MacDonald was forced to go back to North Carolina to face charges of murder. He was surrounded by friends in California who didn’t believe that he was capable of murder. Before MacDonald left California, they even hosted a charity dinner in his honor to help raise money for his legal fees. McGinniss, who initially believed that MacDonald was innocent, agreed to come live with MacDonald in North Carolina, get to know him, and write a book about the case. I’m sure that MacDonald thought that the book would help clear his name… in fact, it had just the opposite effect. McGinniss ultimately came to the same conclusion that the jury did, that Dr. Jeffrey MacDonald killed his pregnant wife and children. Dr. MacDonald was ultimately sentenced to three consecutive life terms in prison for murdering his family.
Fatal Vision is meticulously written and researched. McGinniss does a fantastic job of walking readers through the case and laying out all of the details of what happened on February 17, 1970. He includes pictures that were used as evidence in the case, as well as a floor plan of the quarters where MacDonald and his family lived. More tellingly, McGinniss also includes passages that are written in MacDonald’s voice. If MacDonald actually spoke the way he comes across in this manuscript, I think my suspicions would have been aroused, too. The sections in MacDonald’s voice seem to be very telling about the man’s character. They read as if McGinniss transcribed them word for word, right down to his stammers and gratuitous use of “ums and uhs”. McGinniss came to know MacDonald well, and that was why he changed his mind about MacDonald’s innocence.
One potential drawback to Fatal Vision is that it’s a fairly long book. The paperback version of Fatal Vision runs at just under 700 pages. But I found that the book was a fairly fast read because it’s so interesting. I couldn’t put the book down and found that I was able to read it within a few days. I also wish that there had been a few more pictures included. The picture section in my copy of Fatal Vision includes only black and white photographs. I don’t normally need pictures to enjoy a good book, but I do find them helpful in books about true crime. They help me get a better sense of what happened.
True crime fans will almost certainly find Fatal Vision a fascinating read. Fatal Vision is true crime writing at its best and I found it very informative and interesting. In fact, I believe that anyone who is a serious true crime fan is most likely to have already read Fatal Vision because it’s become a classic in the true crime genre. It truly surprises me that there are only two reviews of this book on Epinions.com.

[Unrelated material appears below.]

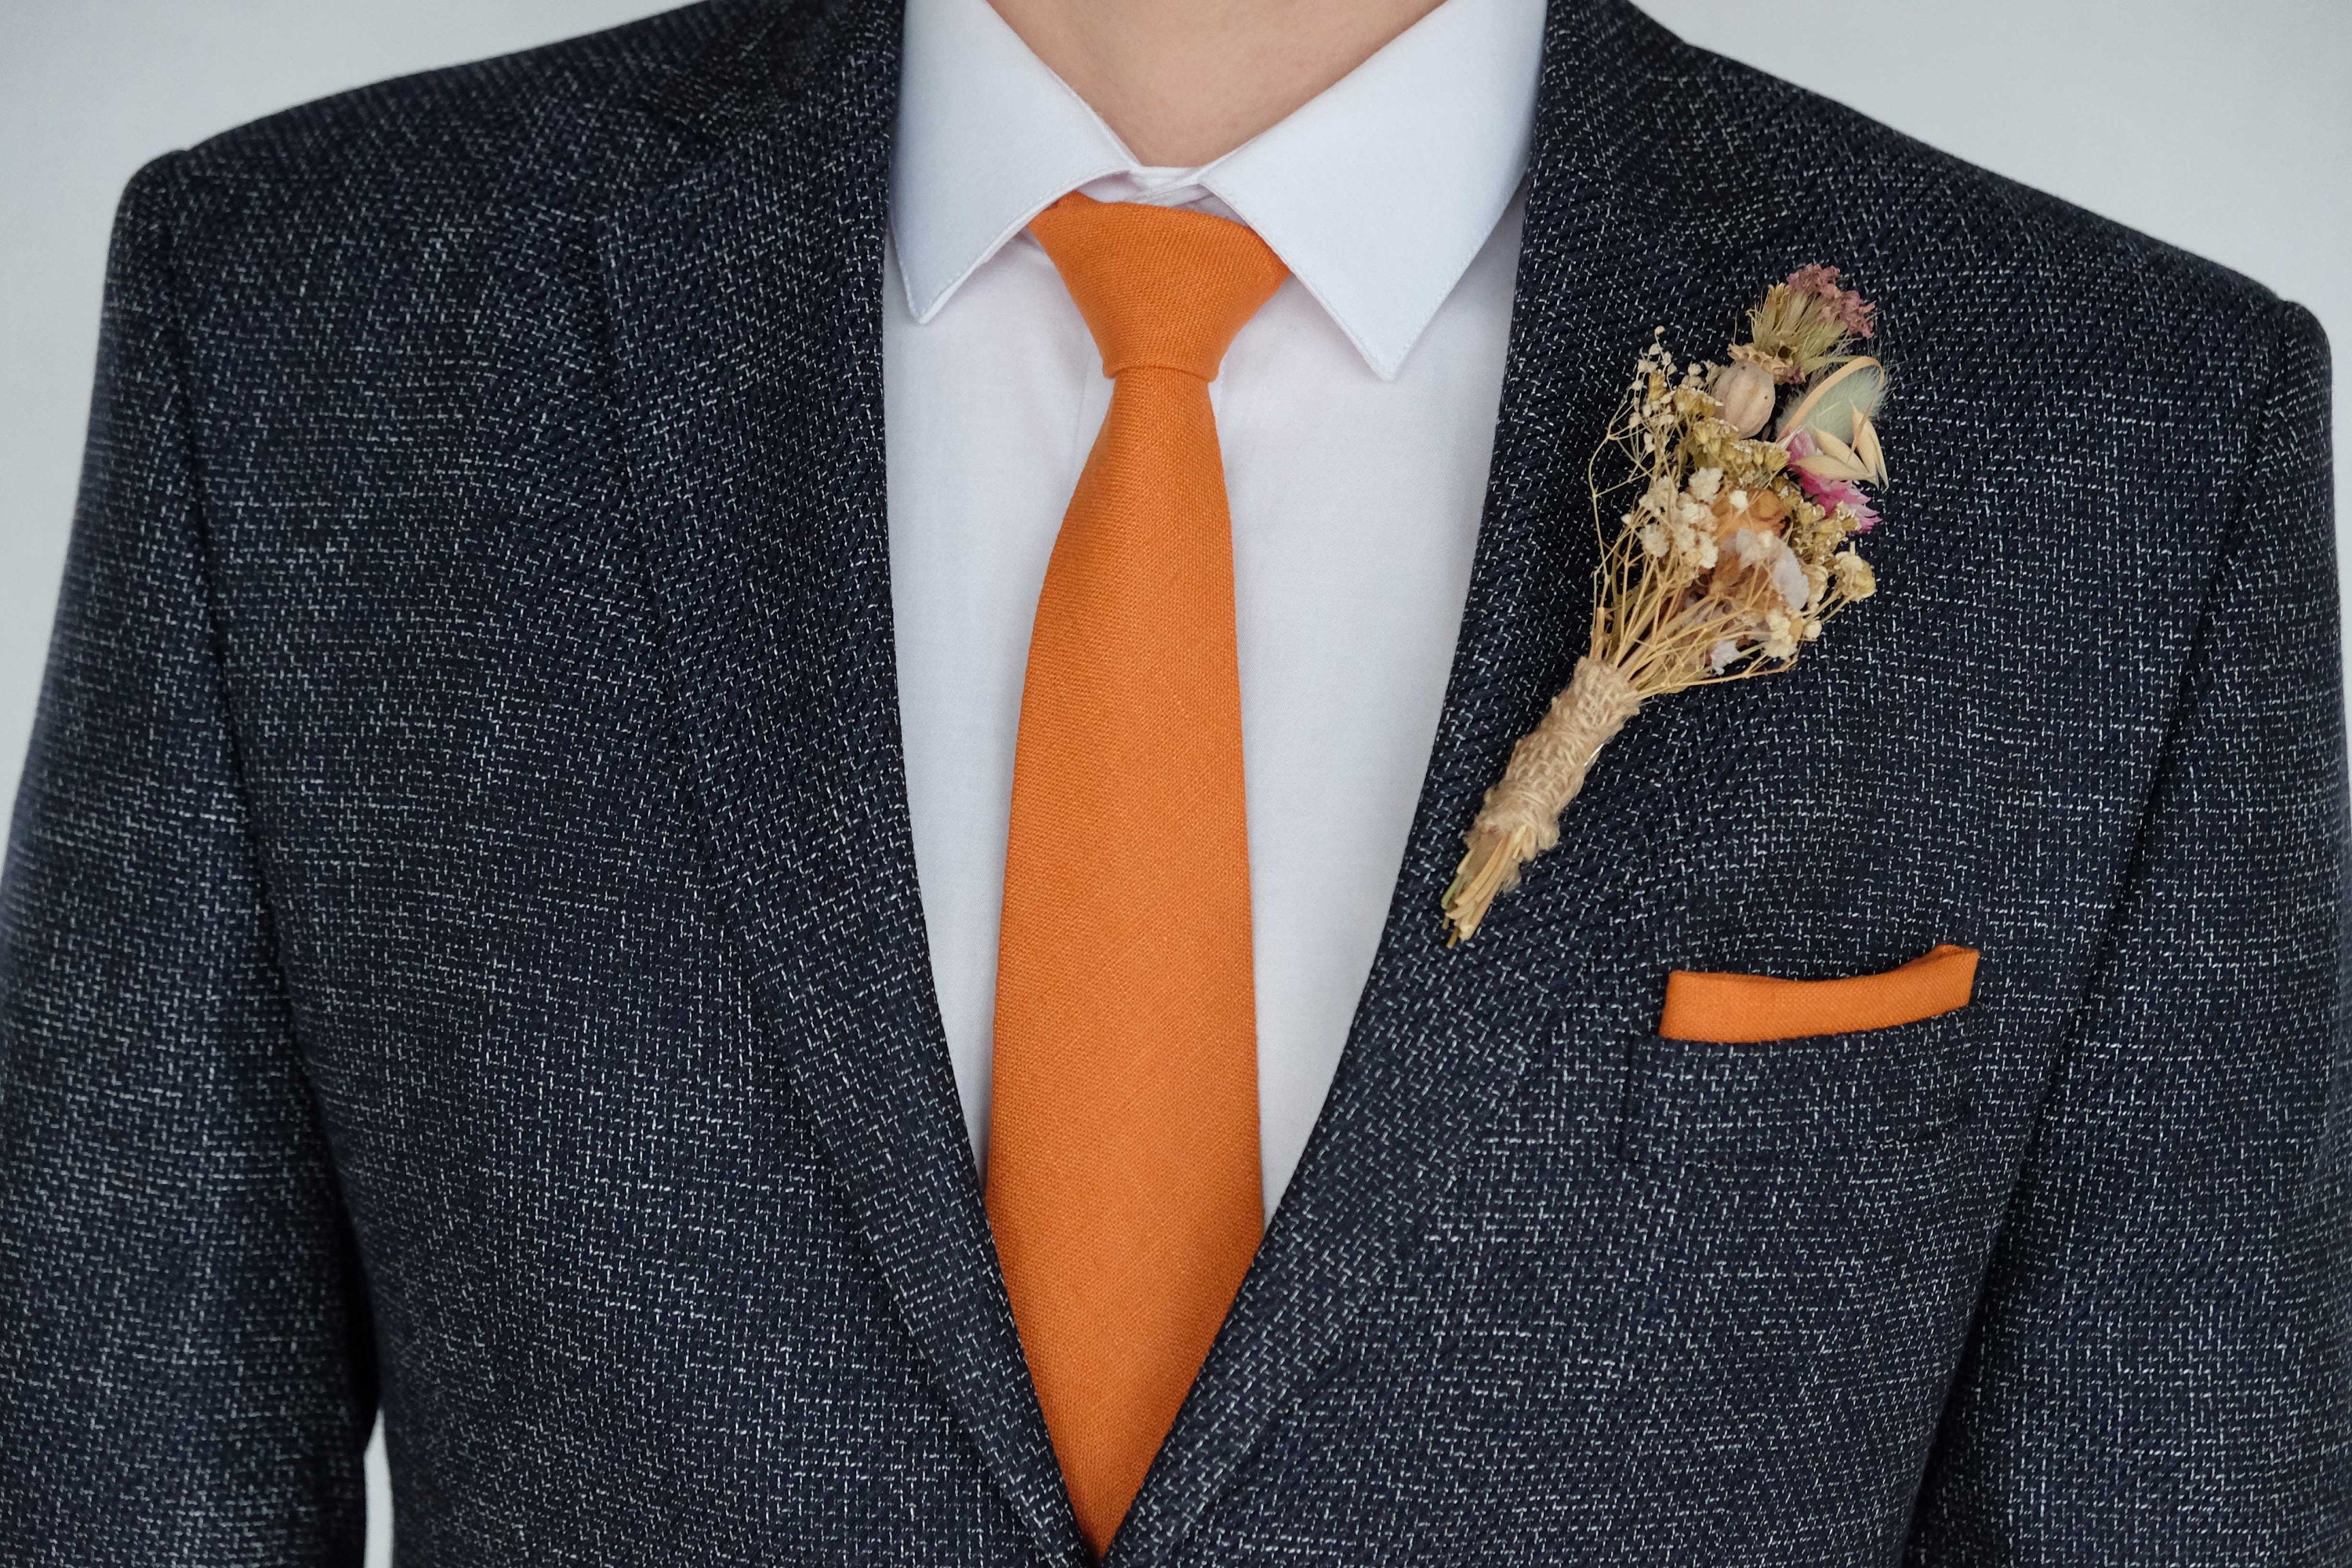 Ankara Necktie, Wedding Necktie, Orange Necktie, Groomsmen, Father’s Day  Gifts

And comments from the 2014 repost…
ShelleyJune 19, 2014 at 10:25 PM
Lawfrog here, too lazy to log into my other gmail account. That book has a long history and McGuinness ended up having to pay MacDonald some money after MacDonald sued him over this book. Interesting read about the legal issues surrounding this book: http://en.wikipedia.org/wiki/Fatal_Vision_controversy
- knottyJune 20, 2014 at 12:25 AM Yeah, I read about how he sued Joe McGinness and won. I have also read about Fatal Justice, which supposedly refuted McGinness’s account. I don’t remember if I’ve read Fatal Justice or not… will have to check.